I have a stack of old Outdoor Life, Field and Stream, Trophy Hunter, and other misc hunting magazines free for the taking if anyone is interested. They are from the early 2000s through about 2010. The stack is about 12" high. I don't know how many there are.

If you want them, send me a PM and I'll let you know where you can come and pick them up.

NHS


----------



## Bax* (Dec 14, 2008)

I am also cleaning out my basement. If you would like my sister in law, please let me know.

She doesnt cook, rarely cleans, and eats your food.


----------



## Critter (Mar 20, 2010)

Bax* said:


> I am also cleaning out my basement. If you would like my sister in law, please let me know.
> 
> She doesnt cook, rarely cleans, and eats your food.


Have you tried Craig's List?


----------



## Dunkem (May 8, 2012)

Bax* said:


> I am also cleaning out my basement.
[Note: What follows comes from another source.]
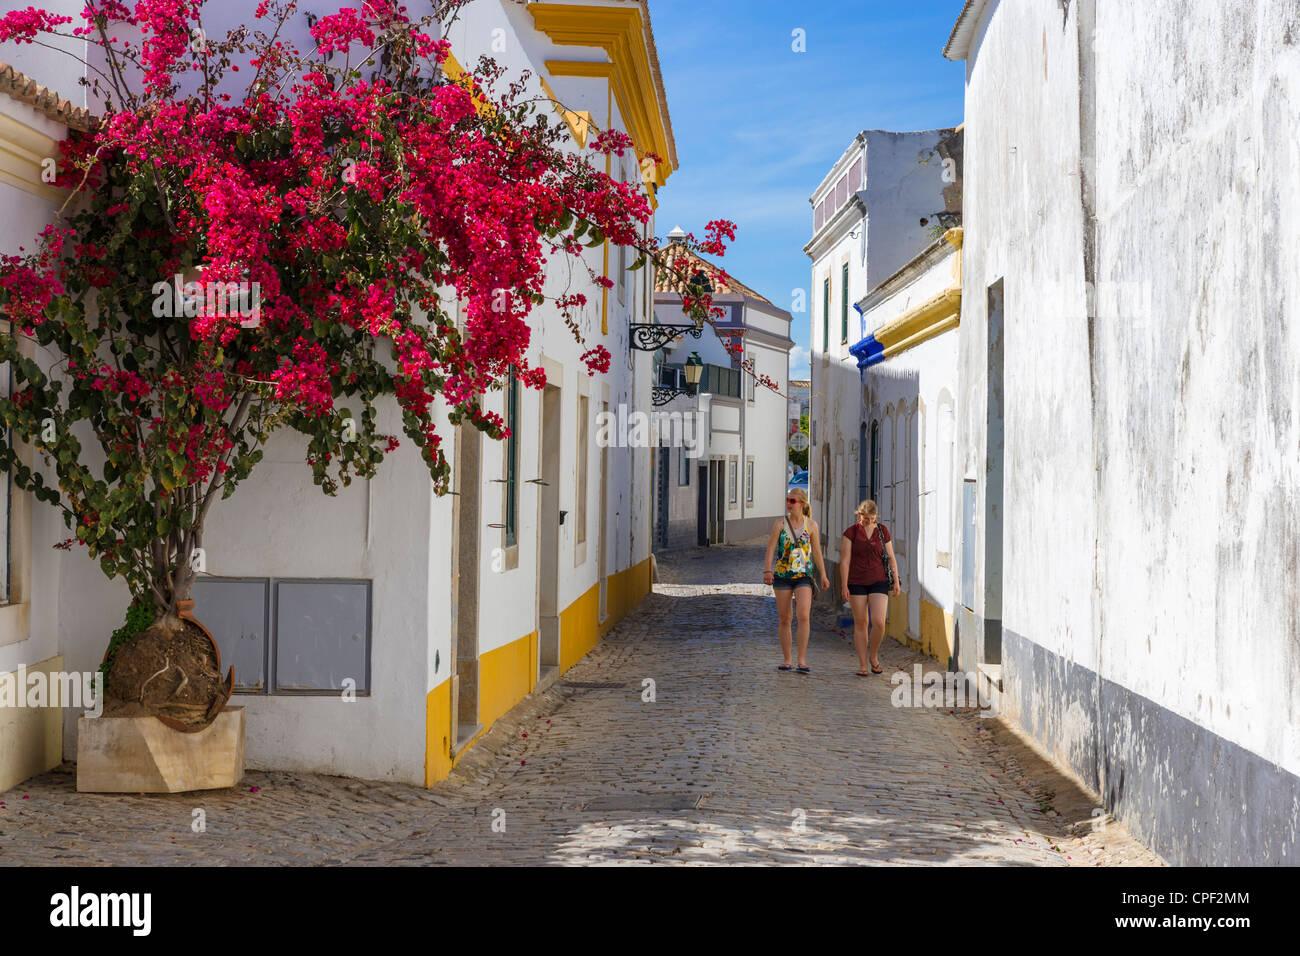 Street in the Old Town (Cidade Velha or Vila Adentro), Faro, Algarve, Portugal - Stock Image

If you would like my sister in law, please let me know.
> 
> She doesnt cook, rarely cleans, and eats your food.


Still there huh? How about the cat?:boink:


----------



## Gee LeDouche (Sep 21, 2007)

Bax* said:


> I am also cleaning out my basement. If you would like my sister in law, please let me know.
> 
> She doesnt cook, rarely cleans, and eats your food.


You know the rules!!- Post pics.  For the right price I might be interested. lol


----------



## bowgy (Oct 10, 2007)

Bax* said:


> I am also cleaning out my basement. If you would like my sister in law, please let me know.
> 
> She doesnt cook, rarely cleans, and eats your food.


 Sounds like some guys wife's that I know, at least they have the same discription


----------



## NHS (Sep 7, 2007)

Sold!

To the recycle bin!


----------



## Bax* (Dec 14, 2008)

NHS said:


> Sold!
> 
> To the recycle bin!


Sorry for the hijack


----------



## bowgy (Oct 10, 2007)

NHS said:


> Sold!
> 
> To the recycle bin!


The magazines or the sister in law?:shock:


----------